One would do, Shapiro told her. For the moment, anyway.
“Sam ought to call in about now,” Owen said. “See if we’ve got anything for him. He—” The phone rang on his des
k. He said, “Yes?” into it and then, “Oh, Sam. Couple of cops here want to see you. About the party Mr. Simon gave…. Yeah, for the actor…. Yeah, the dead one…. No, nobody thinks you did. Come along in, huh?”
He hung up.
“He’ll be right along,” he said. “Lives just around the corner, sort of. Says he didn’t bump anybody off. You heard what I told him. Hope I was right. Good bartender, Sam is. Anyway, we don’t get many squawks about him. And we’ve got a job for him tonight.”

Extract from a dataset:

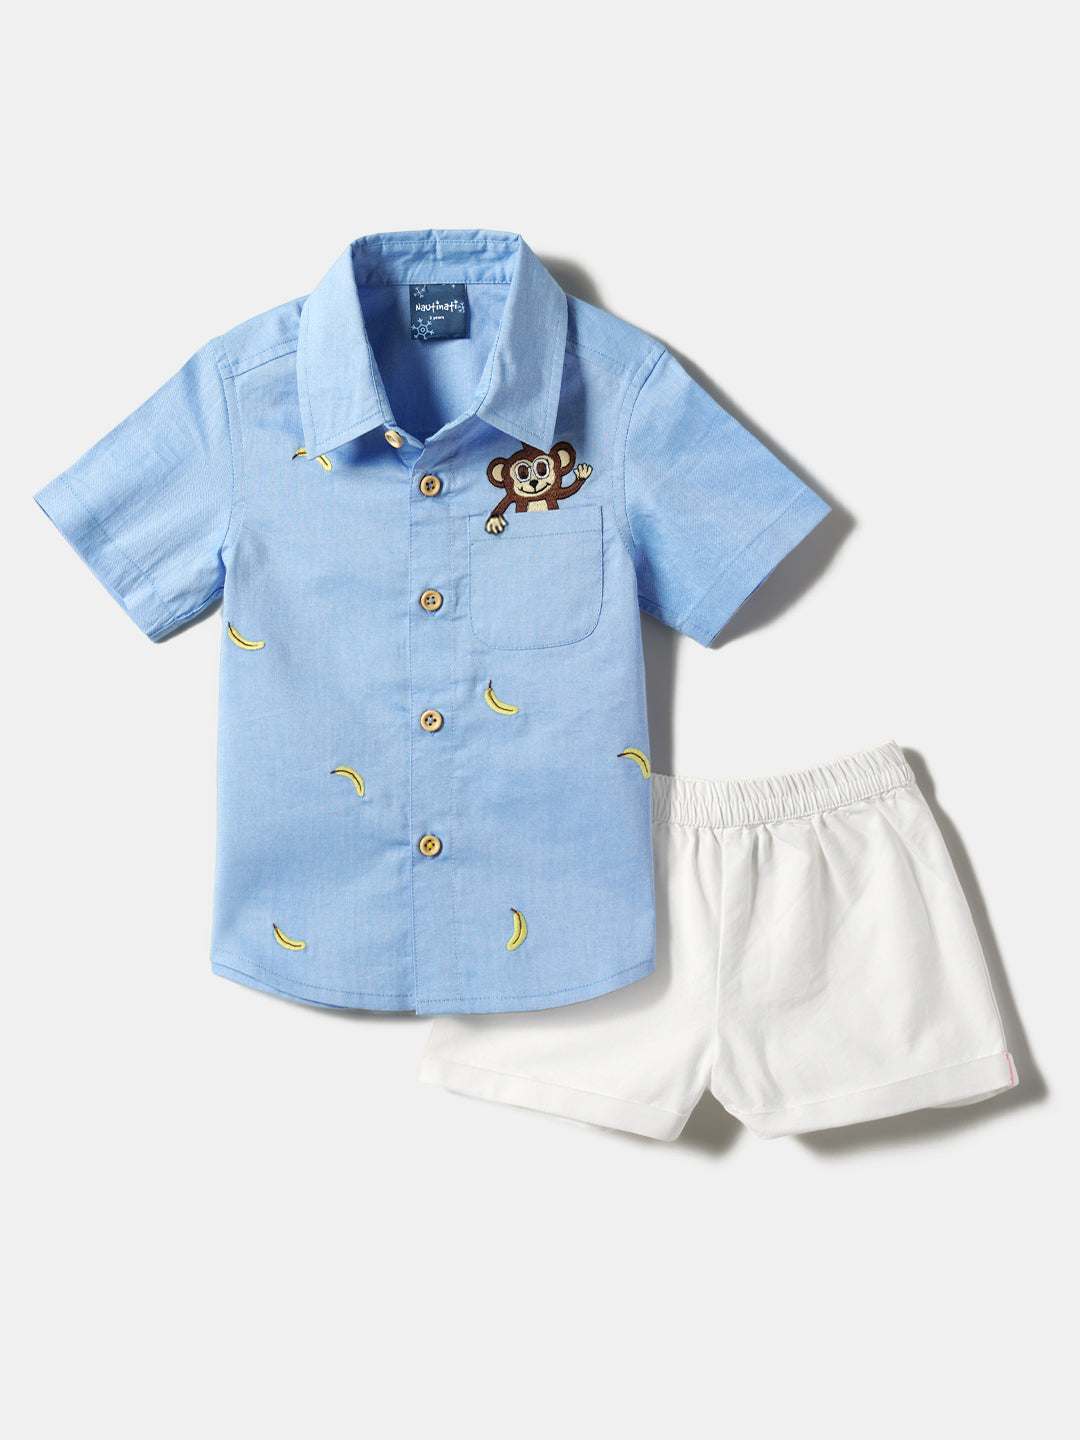 Boys Blue-White Embroidered Half Sleeves Collar-Neck Casual Shirt With Shorts

“He’ll be available,” Shapiro said. “Far’s I know, anyway. We’ll wait for him.”
They did not have to wait long: a little less than ten minutes. Sam—Sam Scanlon, as it turned out—was a stocky man, probably in his fifties. He had an affable face, appropriate to a bartender.
Yes, he and Otto had served Mr. Simon’s party at Mr. Branson’s house. It was Branson, wasn’t it? An actor, he understood. Never heard of him, himself. Otto had. Said he was a star in the movies. The party? Just a party. He made drinks, Scotch or bourbon and water, mostly. Poured champagne for those who wanted it. Yes, he and Otto had supplied the liquor. And the sandwiches and cheese things. Yes, sometimes the firm supplied the drinks and food, although usually the customer did. But this had been a surprise party, way he got it. This Mr. Branson hadn’t known people were coming. No way of knowing whether he’d have drinks and food—well, just lying around. Anyway, the party was on Mr. Simon, wasn’t it?

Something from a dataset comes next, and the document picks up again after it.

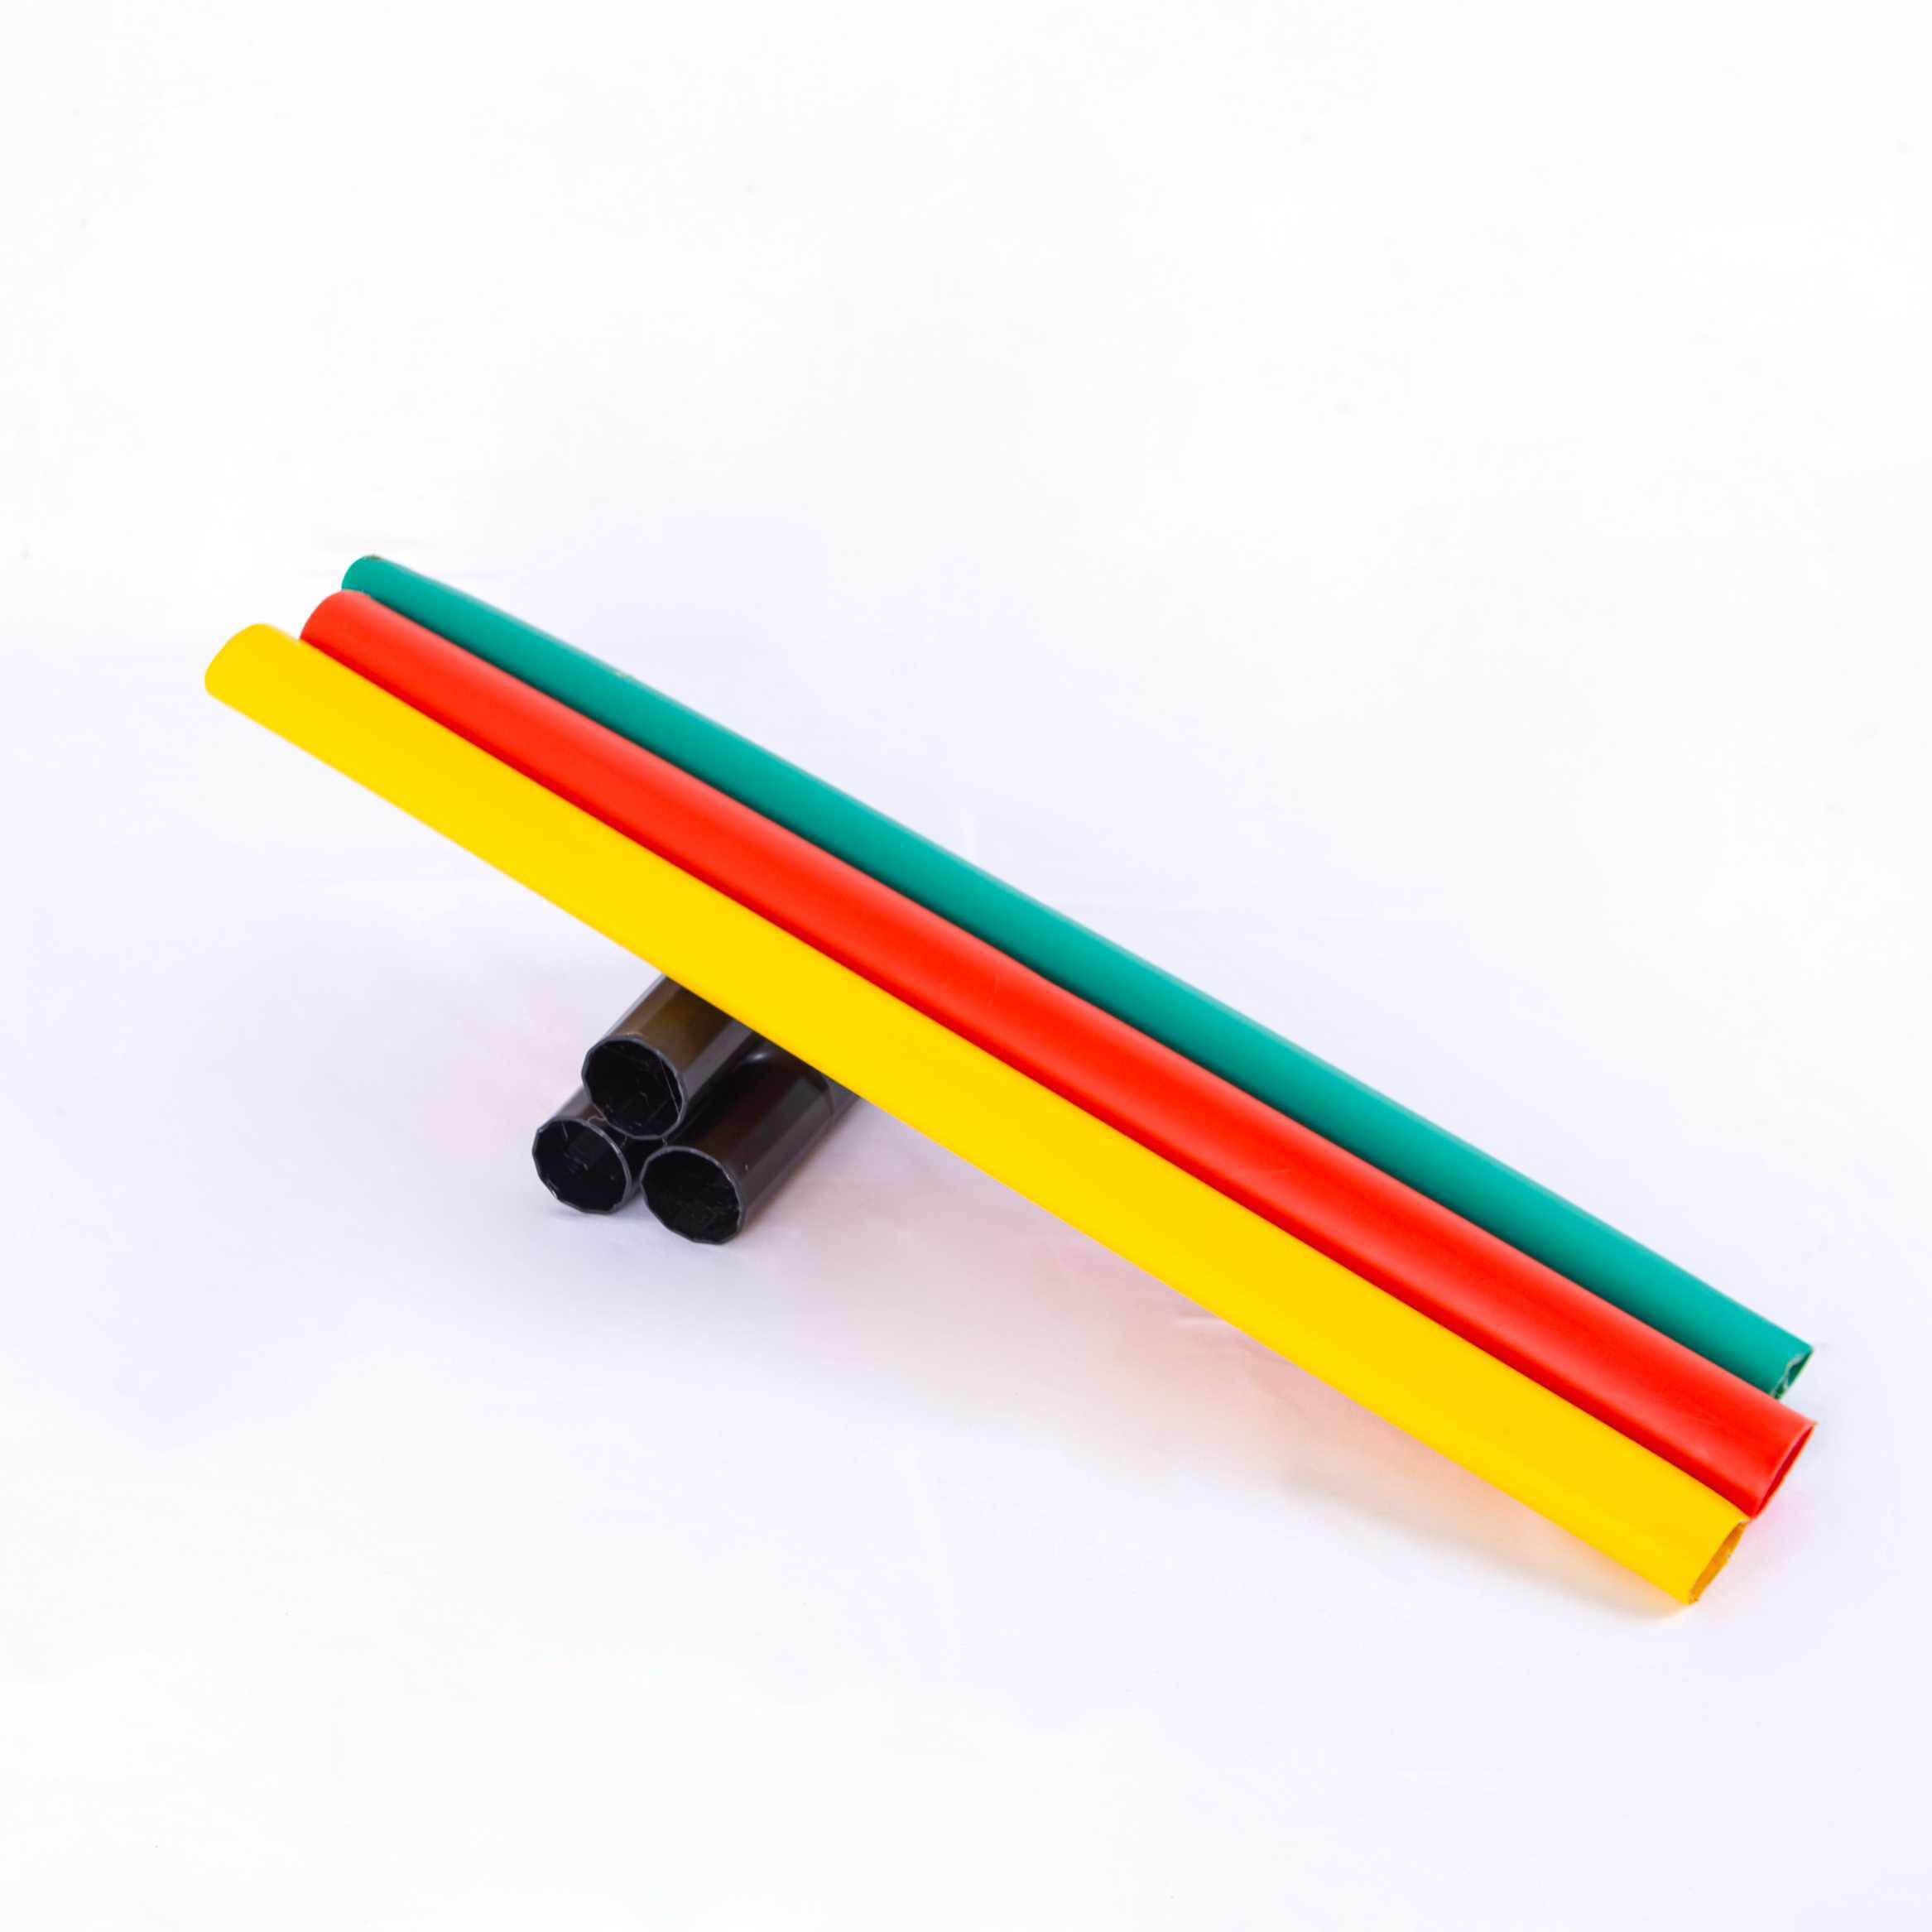 Insulation Cable Ends Joints Heat Shrink Kit Crimping Shrinkable Terminals

He and Otto had showed up around nine thirty, as ordered. Mr. Branson’s man had let them in. Yes, he seemed to have expected them. Not all that much a surprise to him, way it looked. The man—butler? Well, he looked like a butler. Not that Sam had met many butlers. “People who have them don’t usually have us in, do they?—oh, dresser.” Anyway, the man had taken them to the kitchen of the house, and they’d got the ice cubes out and put the champagne on ice, and put on their jackets. White jackets, not tuxedos. As Mr. Owen had directed. Right, Mr. Owen?

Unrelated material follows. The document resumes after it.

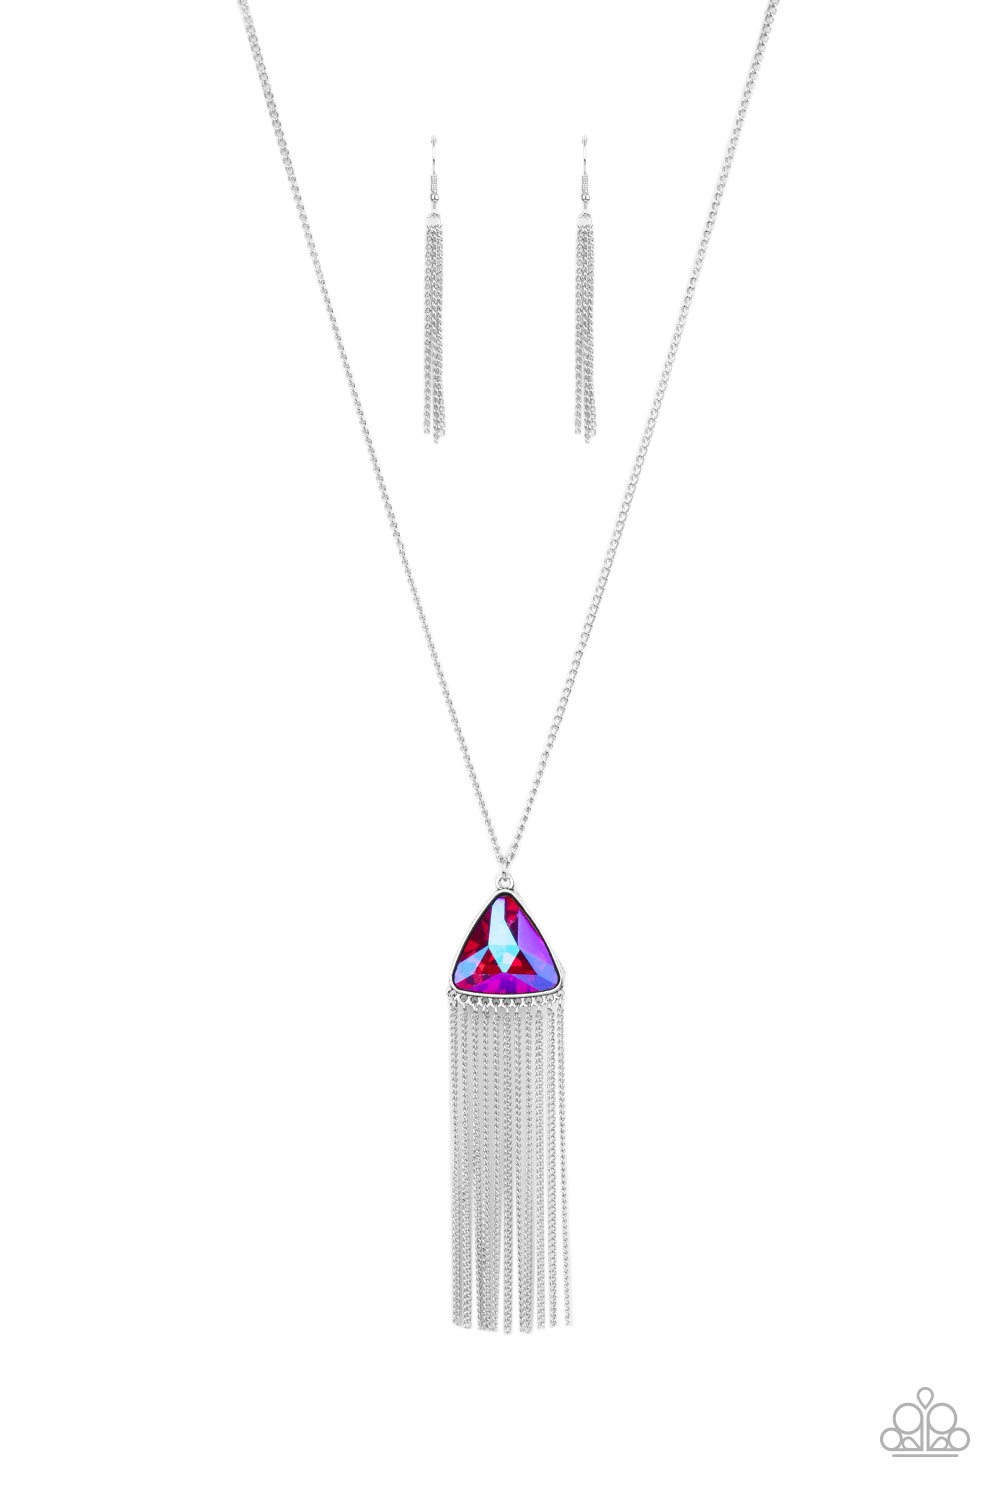 Proudly Prismatic - Pink iridescent necklace

People had started coming around ten. Mr. Branson’s man had let them in. Oh, ten or eleven of them, he thought. All there by, say, ten thirty. All, way he got it, connected with a play Mr. Simon was putting on. That was Mr. Simon’s line, putting on plays. The guests at the party had moved around a good deal. It was a big room with plenty of places to sit. Yes, when they moved around they usually carried their drinks with them. Well, no, not always. Sometimes they left them on the tables they’d been sitting near. Yes, if people didn’t come back to their drinks, he’d pick them up, or Otto would, and they’d rinse the glasses off ready for fresh drinks as wanted. But more often than not, the people would come back to where they’d left their glasses and finish what was in them. Oh, yes, twice, he thought, people got their glasses mixed up. One time, he remembered, one of the women had picked up a glass from one of the tables and said, “But this is bourbon! Who stole my Scotch?” Like it was a joke.